WORK TO BE COMPLETED:
From the line that contains "Tyson Fury against Deontay Wilder" down to the final line below, please repeat each line exactly and nothing more, with no pictures.

MATERIAL PROVIDED:
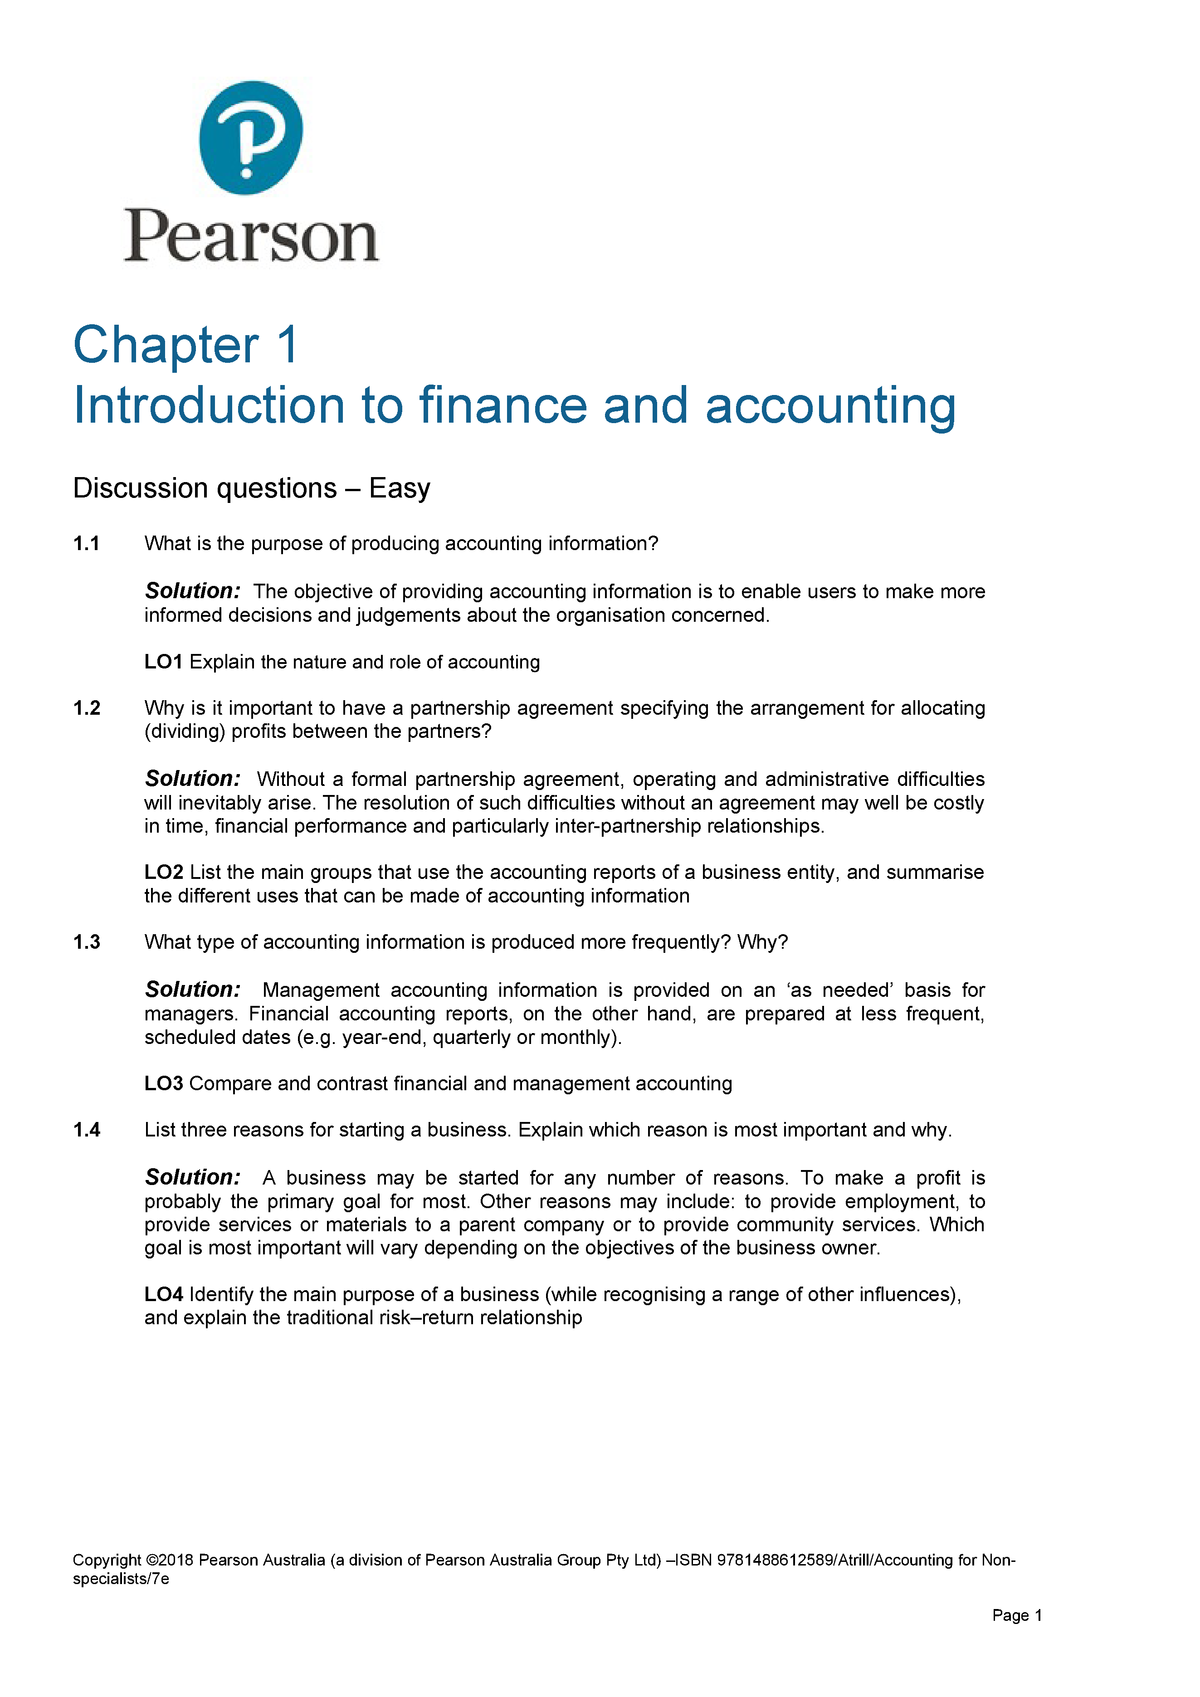 ATRI AFNS 7E SM C01 - ACCT2171 Financial Planning - RMIT
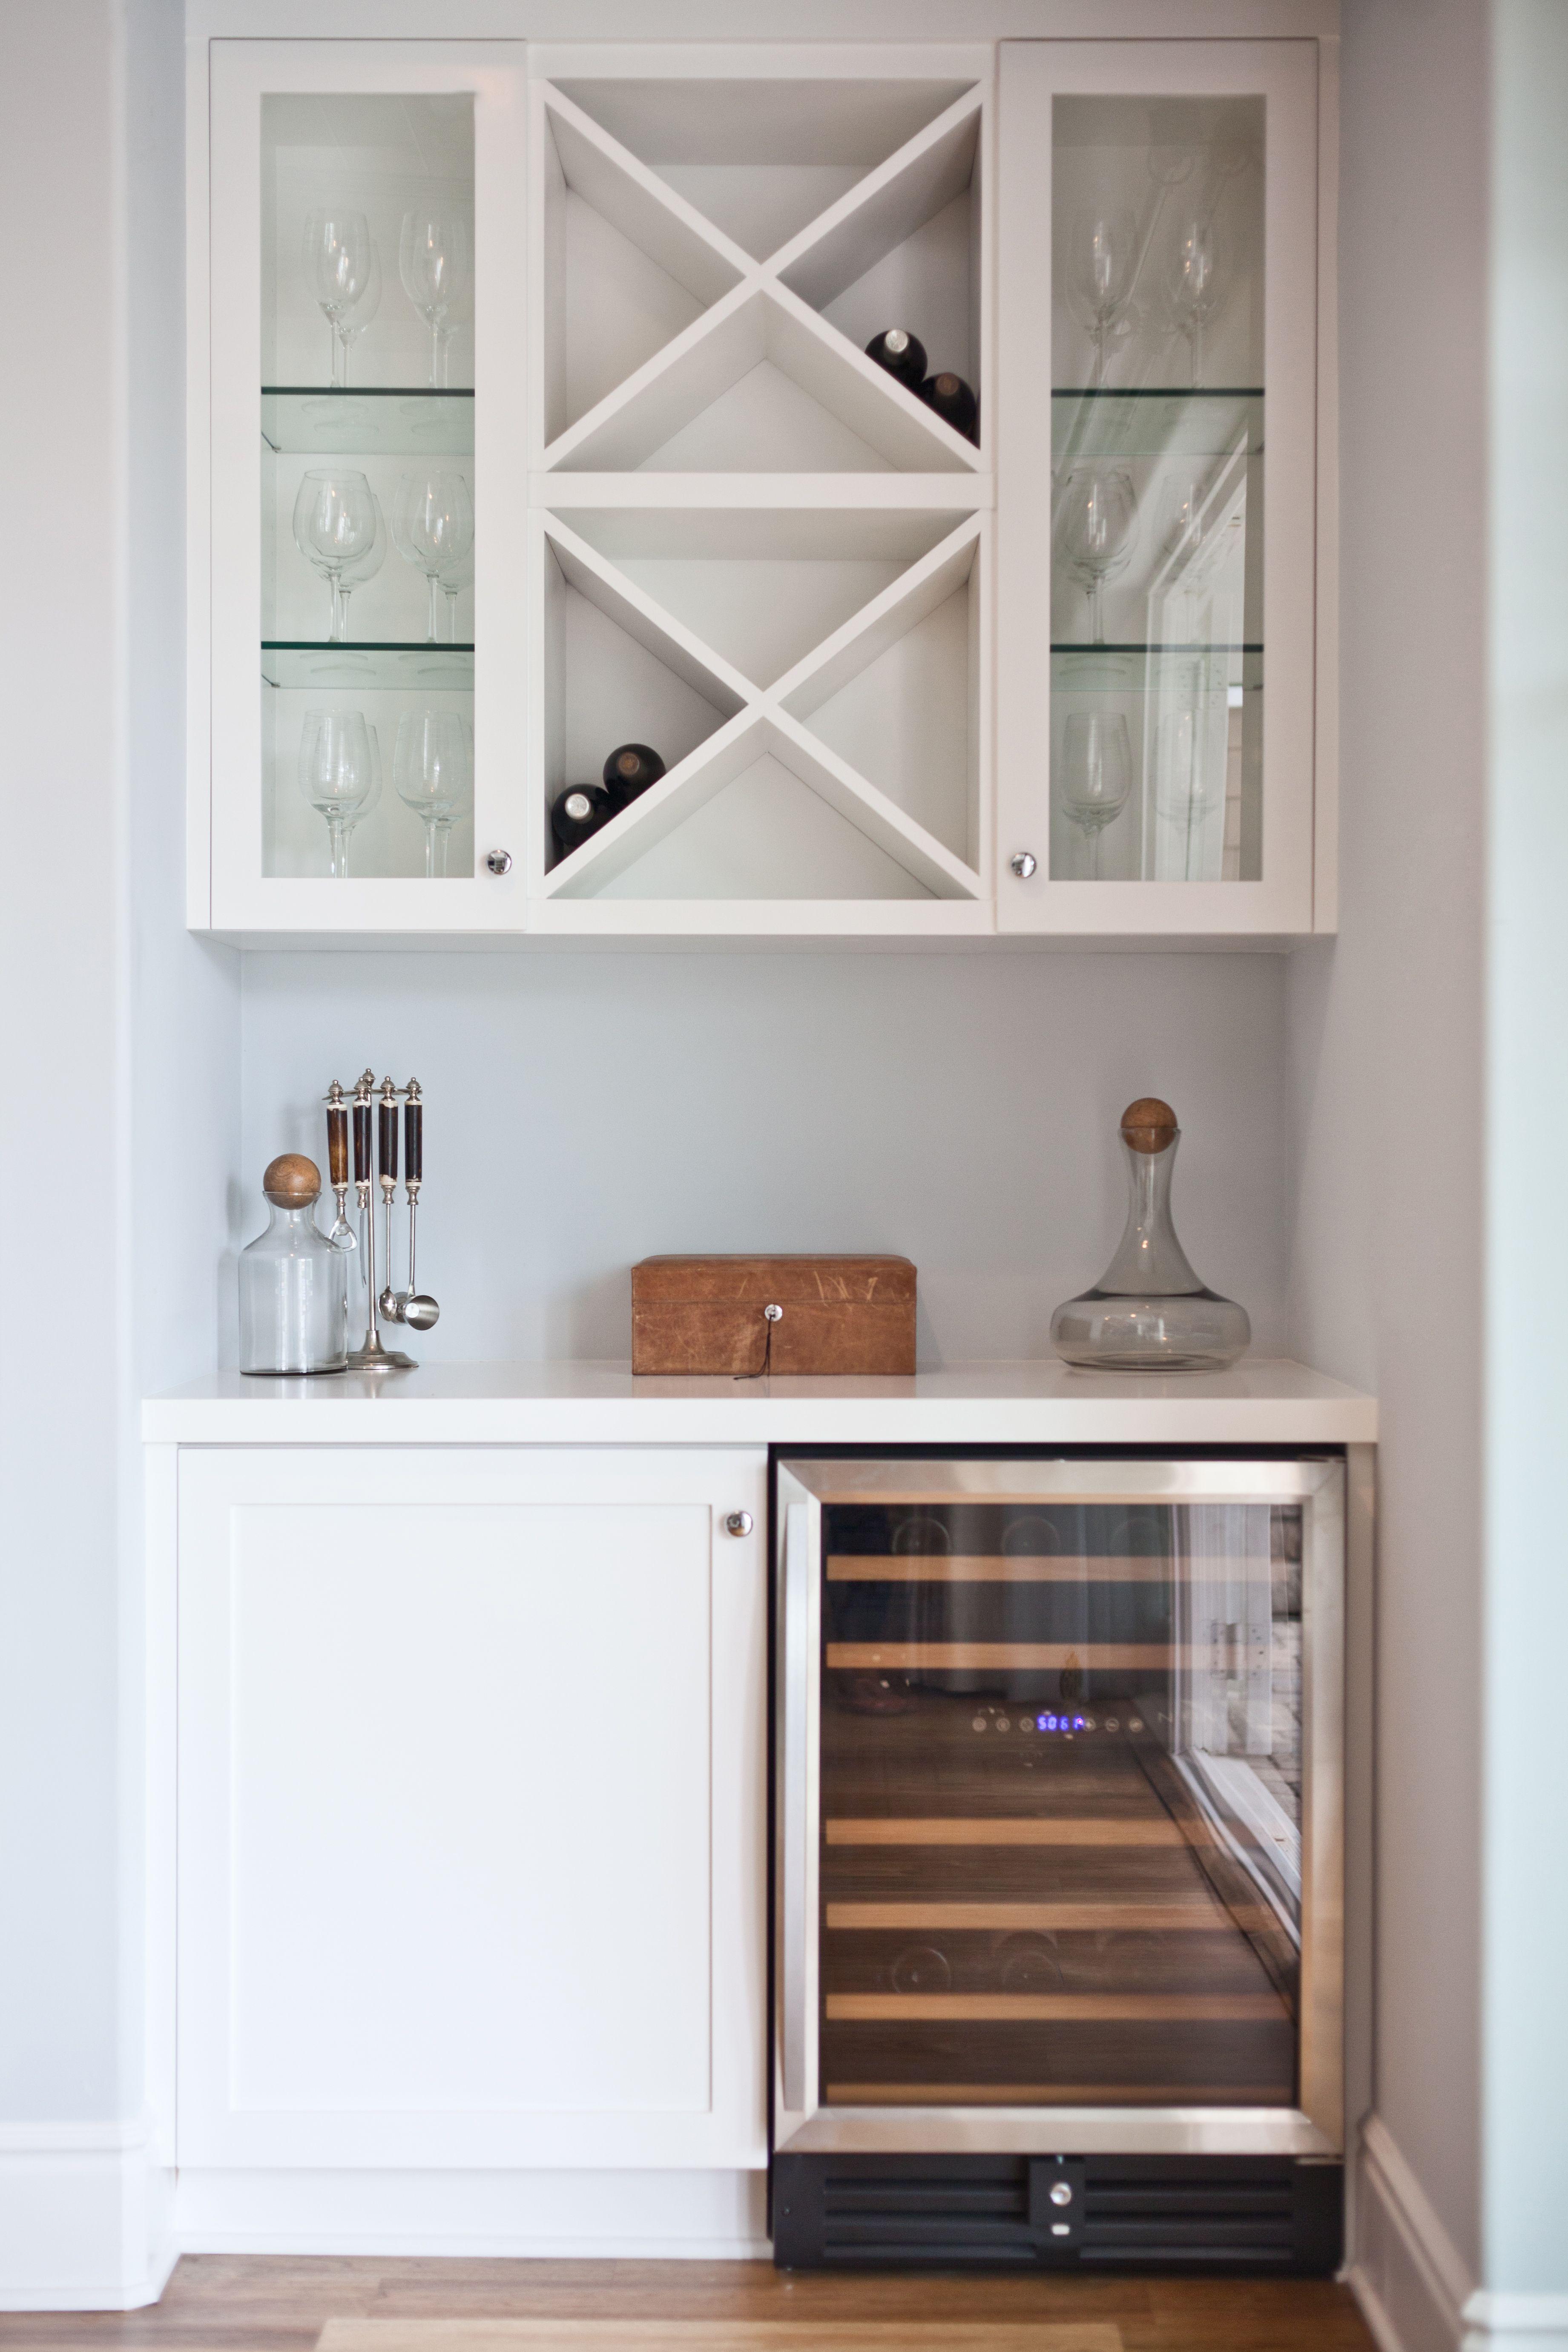 Lindye Galloway Design Lovely lil minibar station with bat fridge
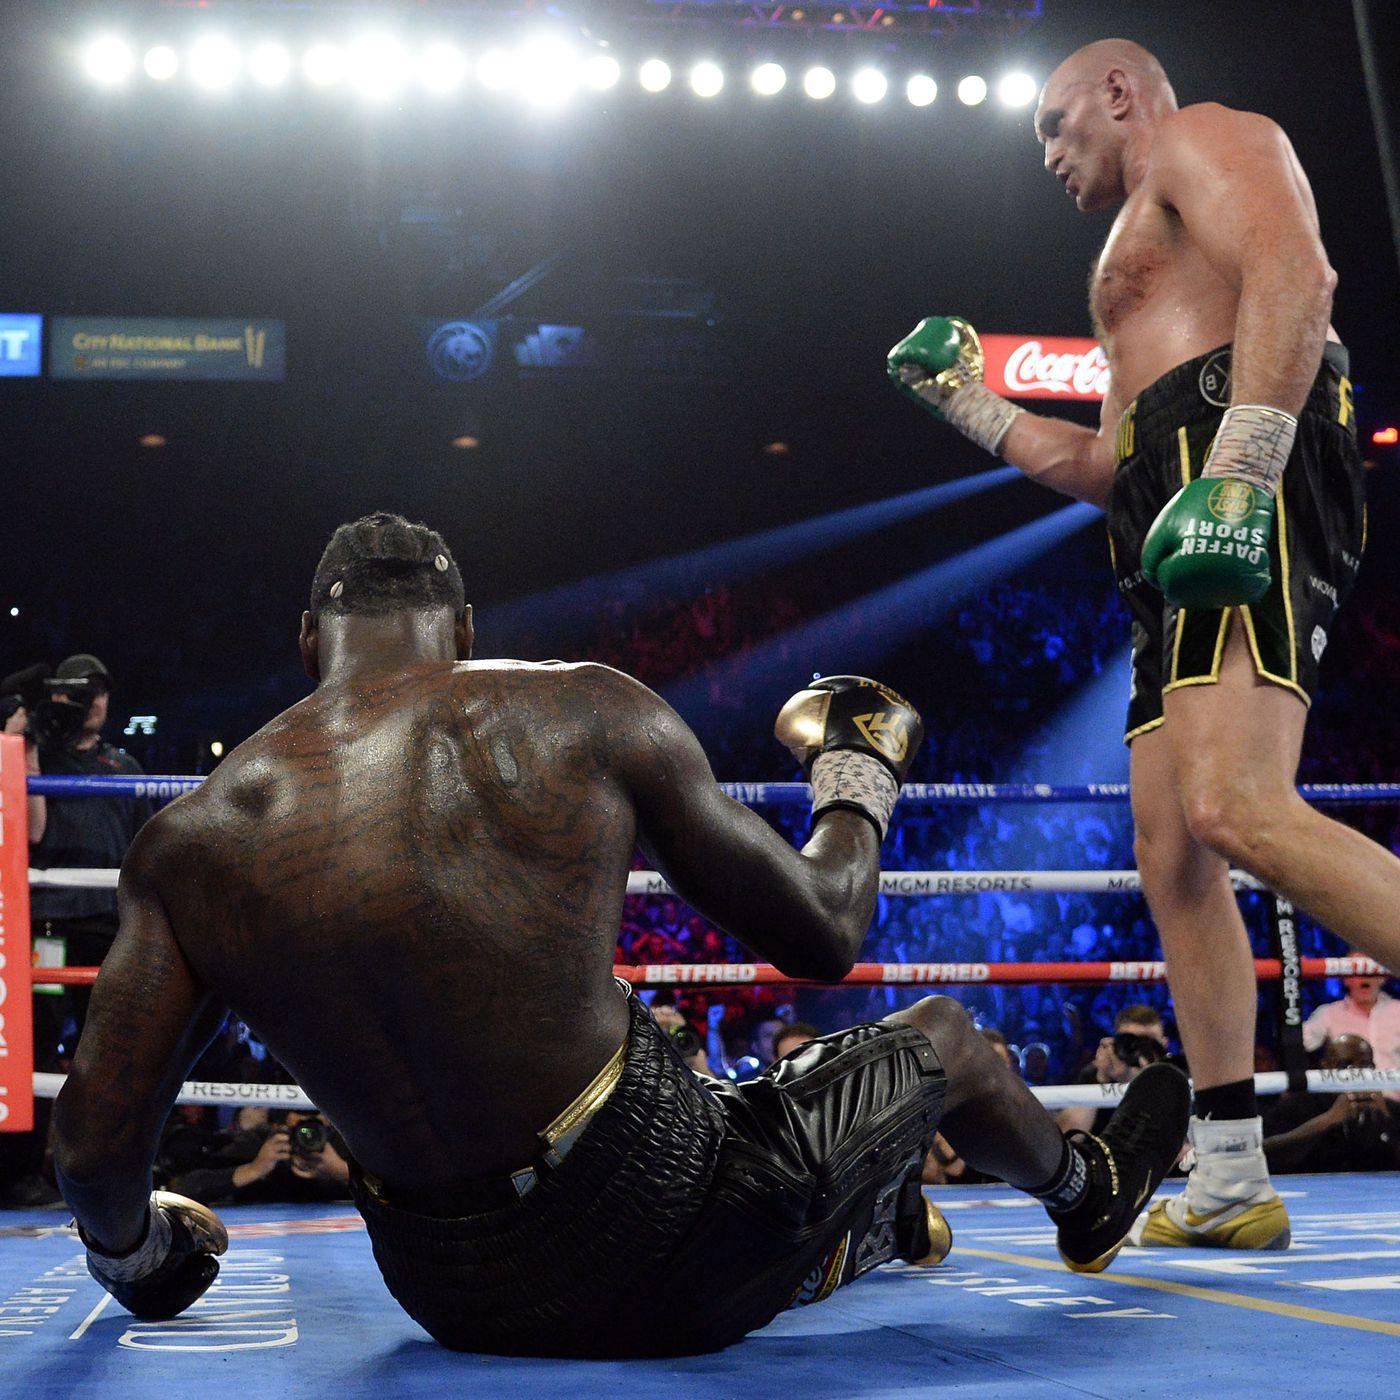 Tyson Fury against Deontay Wilder
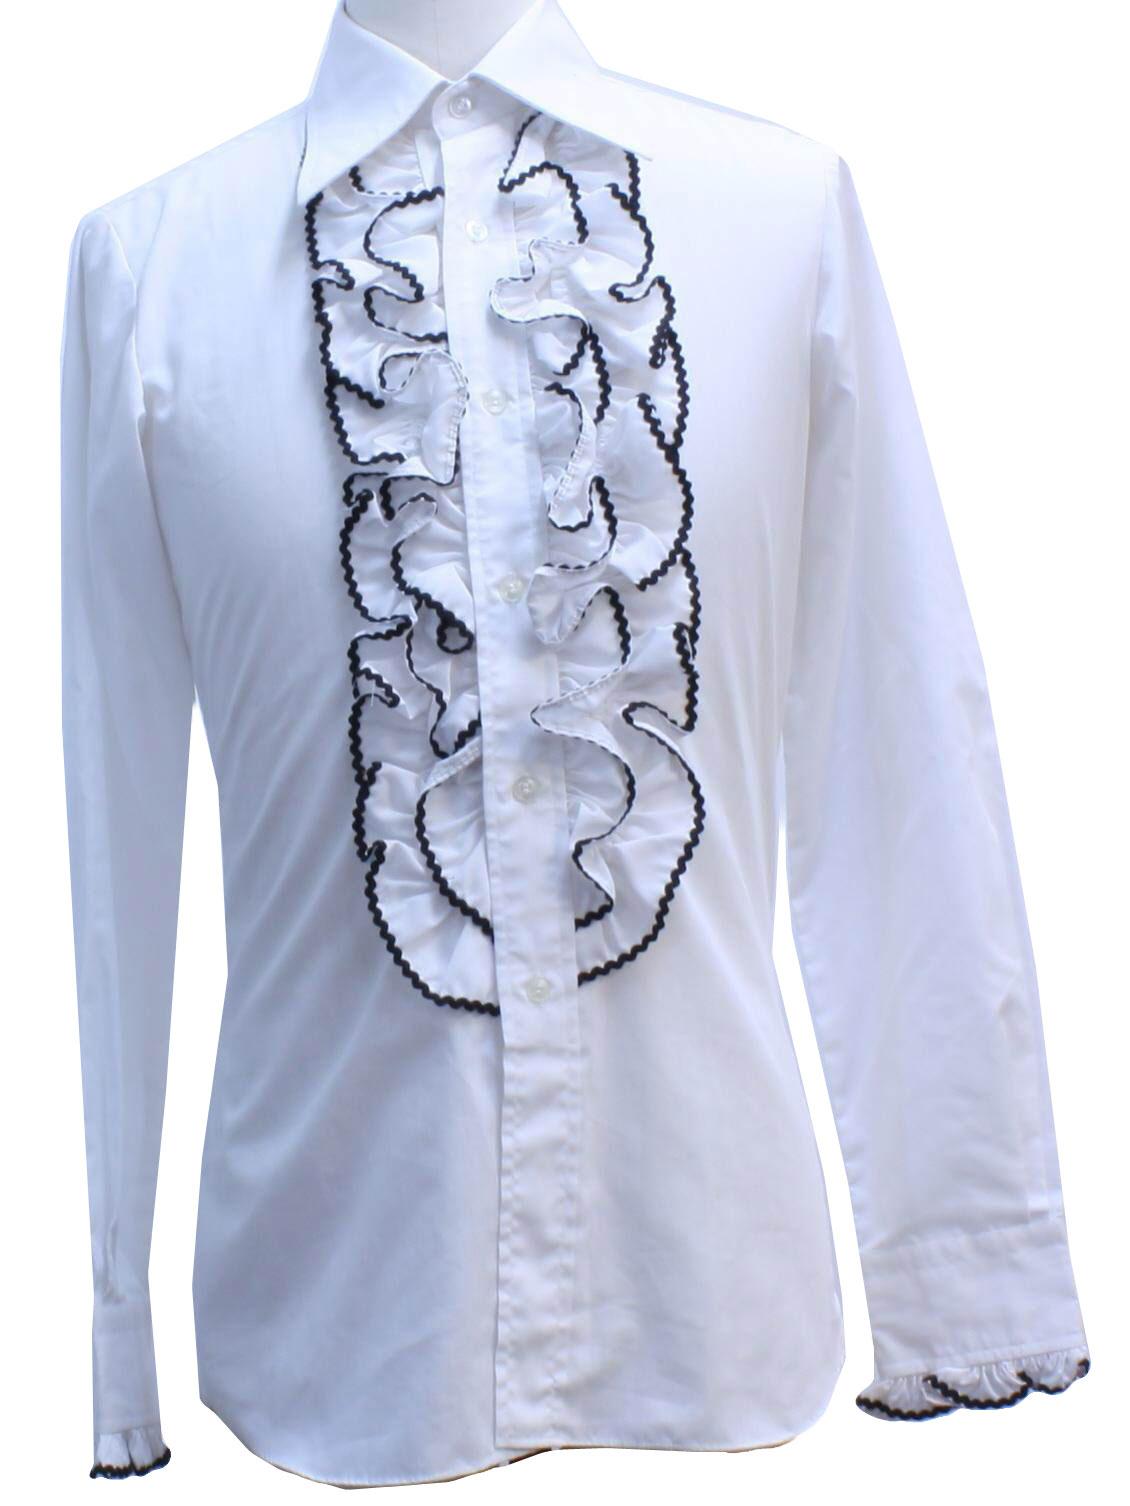 Womens Black Shirt With White Collar

RESULT FOR THIS EXERCISE:
 Tyson Fury against Deontay Wilder
 Womens Black Shirt With White Collar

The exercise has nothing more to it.